> ACTIVITY
Among the entries that follow, locate the line with "Adobe Inc logo" and the line with "Most Beautiful Flowers". Output those lines and all lines in between, exactly, minus the pictures.

> MATERIAL PROVIDED
-=-=-=-=-
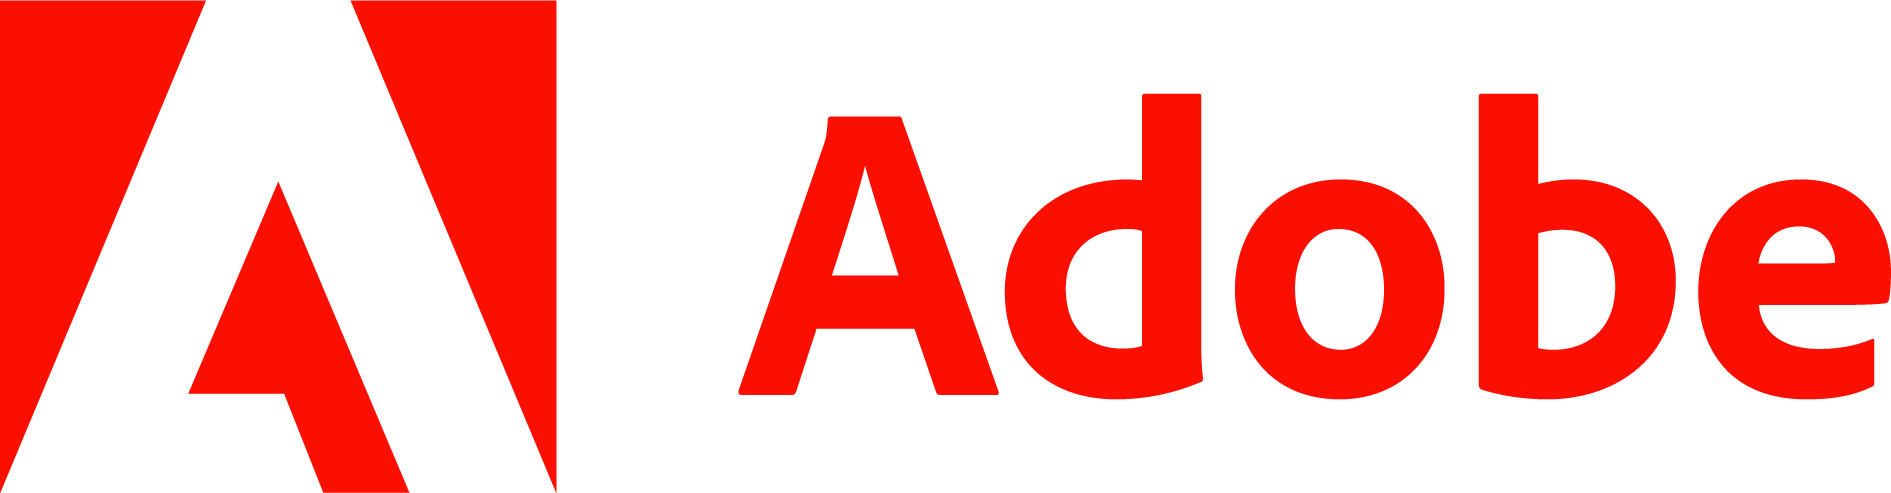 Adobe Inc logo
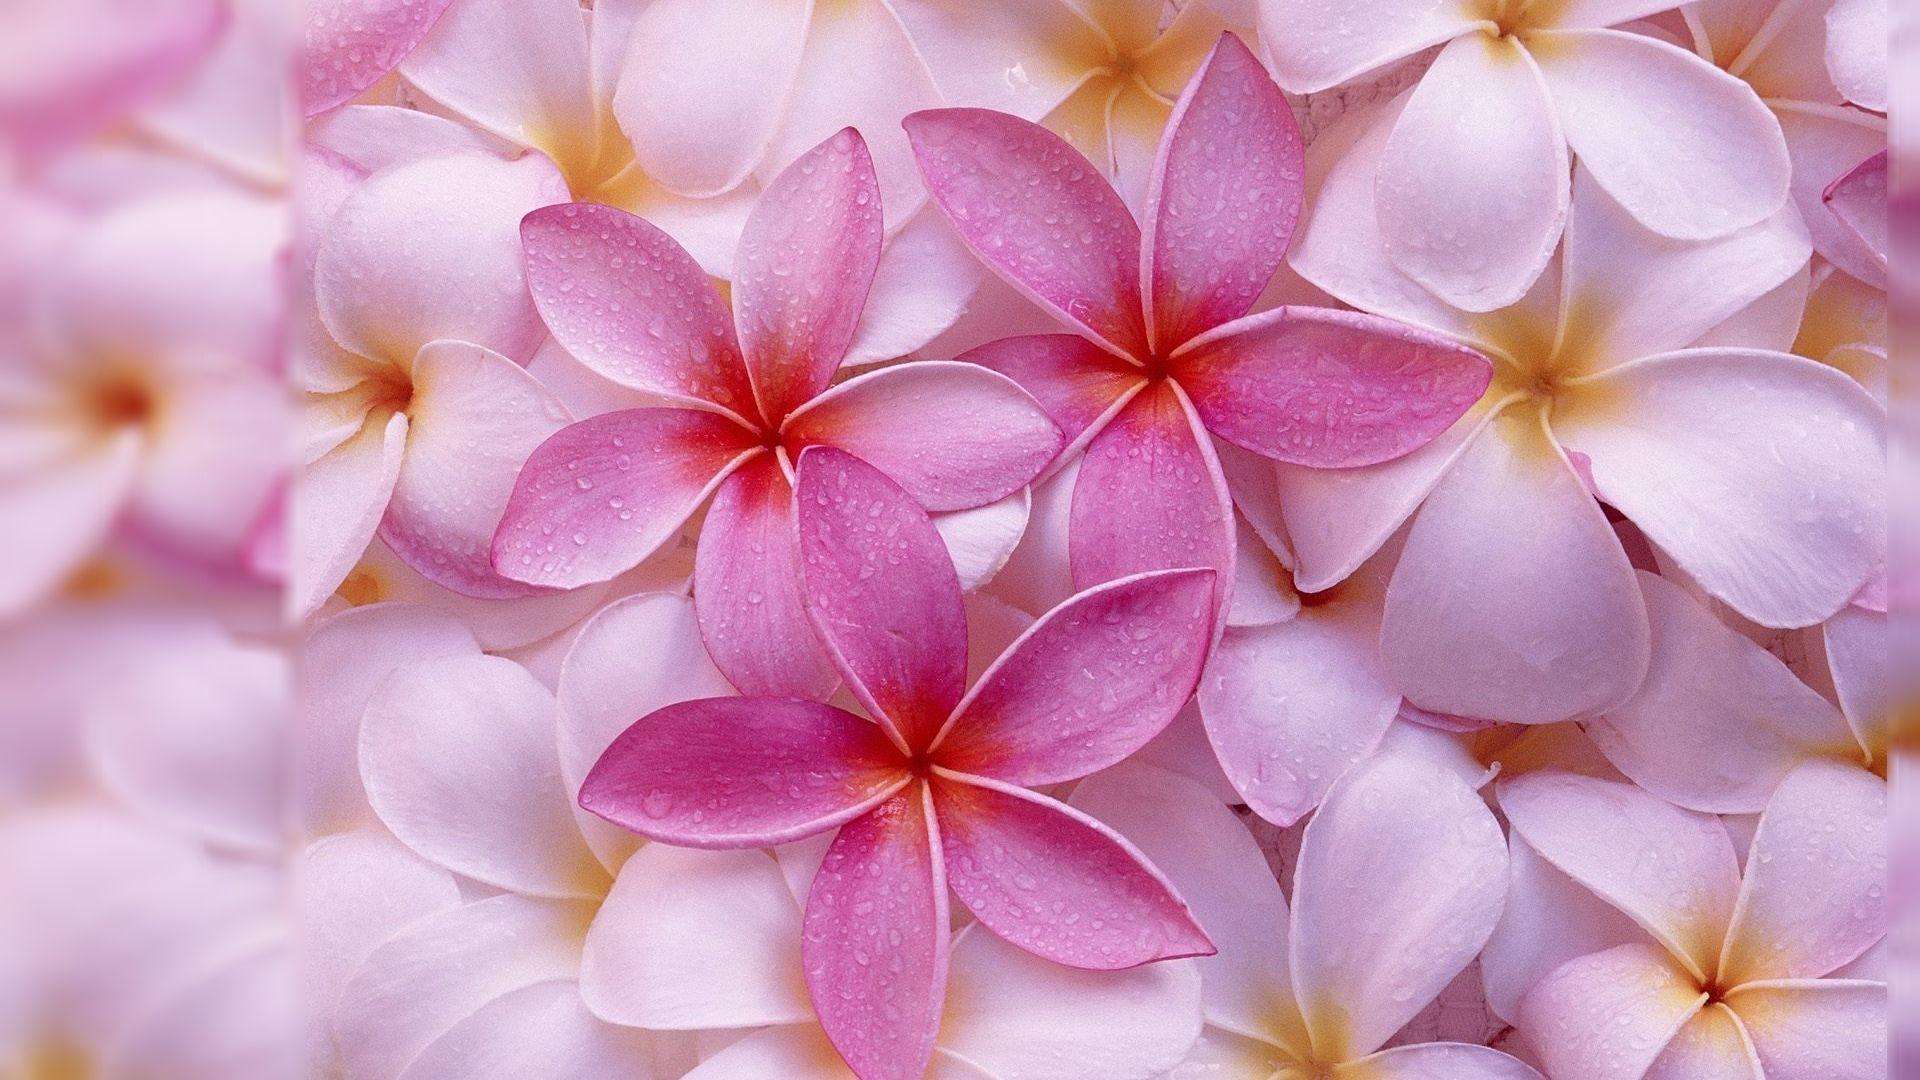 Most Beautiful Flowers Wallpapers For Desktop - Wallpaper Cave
-=-=-=-=-
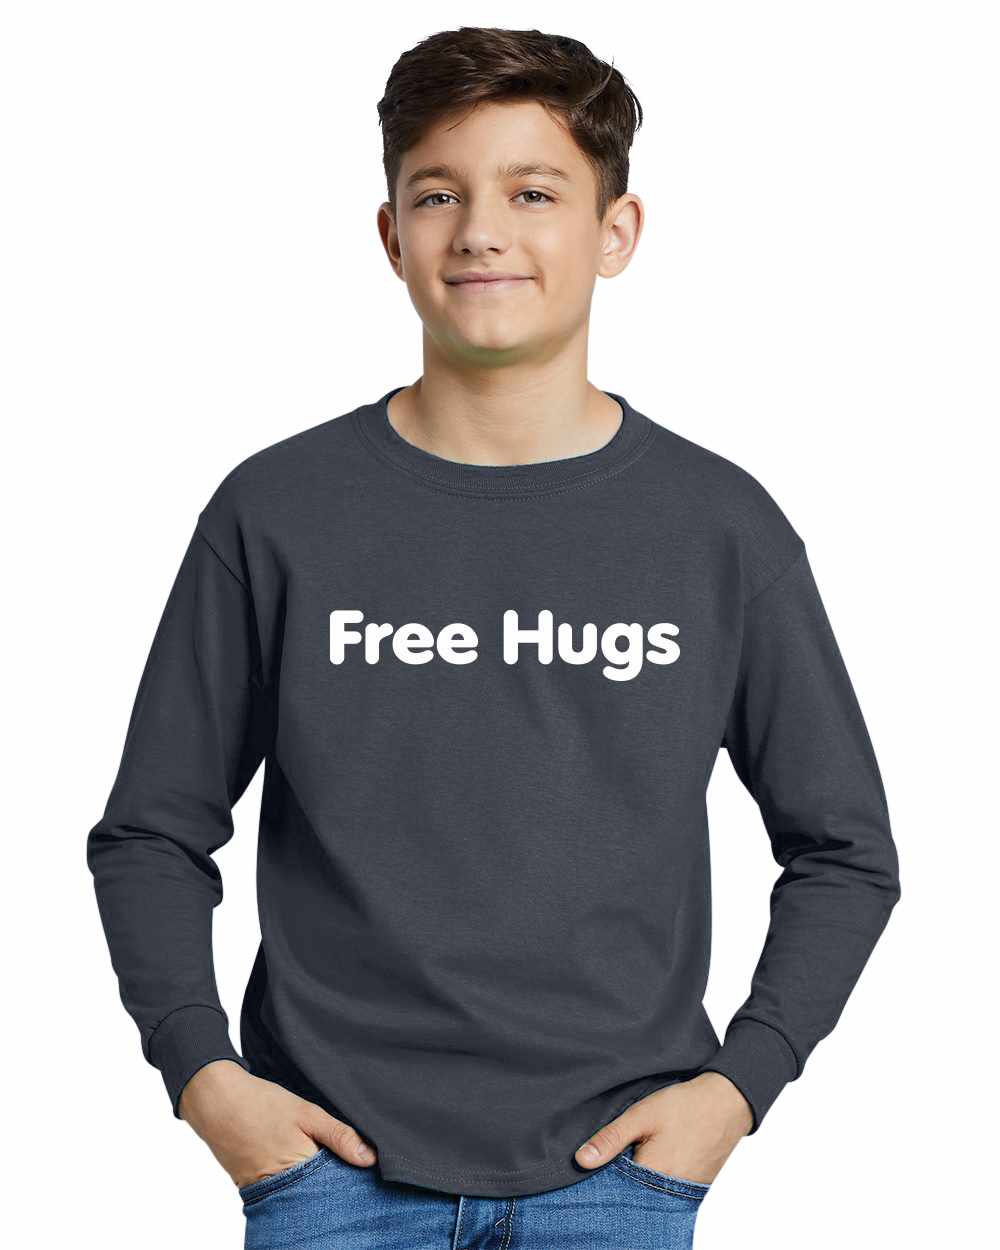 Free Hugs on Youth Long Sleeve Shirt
-=-=-=-=-
> ANSWER FOR THIS EXERCISE
 Adobe Inc logo
 Most Beautiful Flowers Wallpapers For Desktop - Wallpaper Cave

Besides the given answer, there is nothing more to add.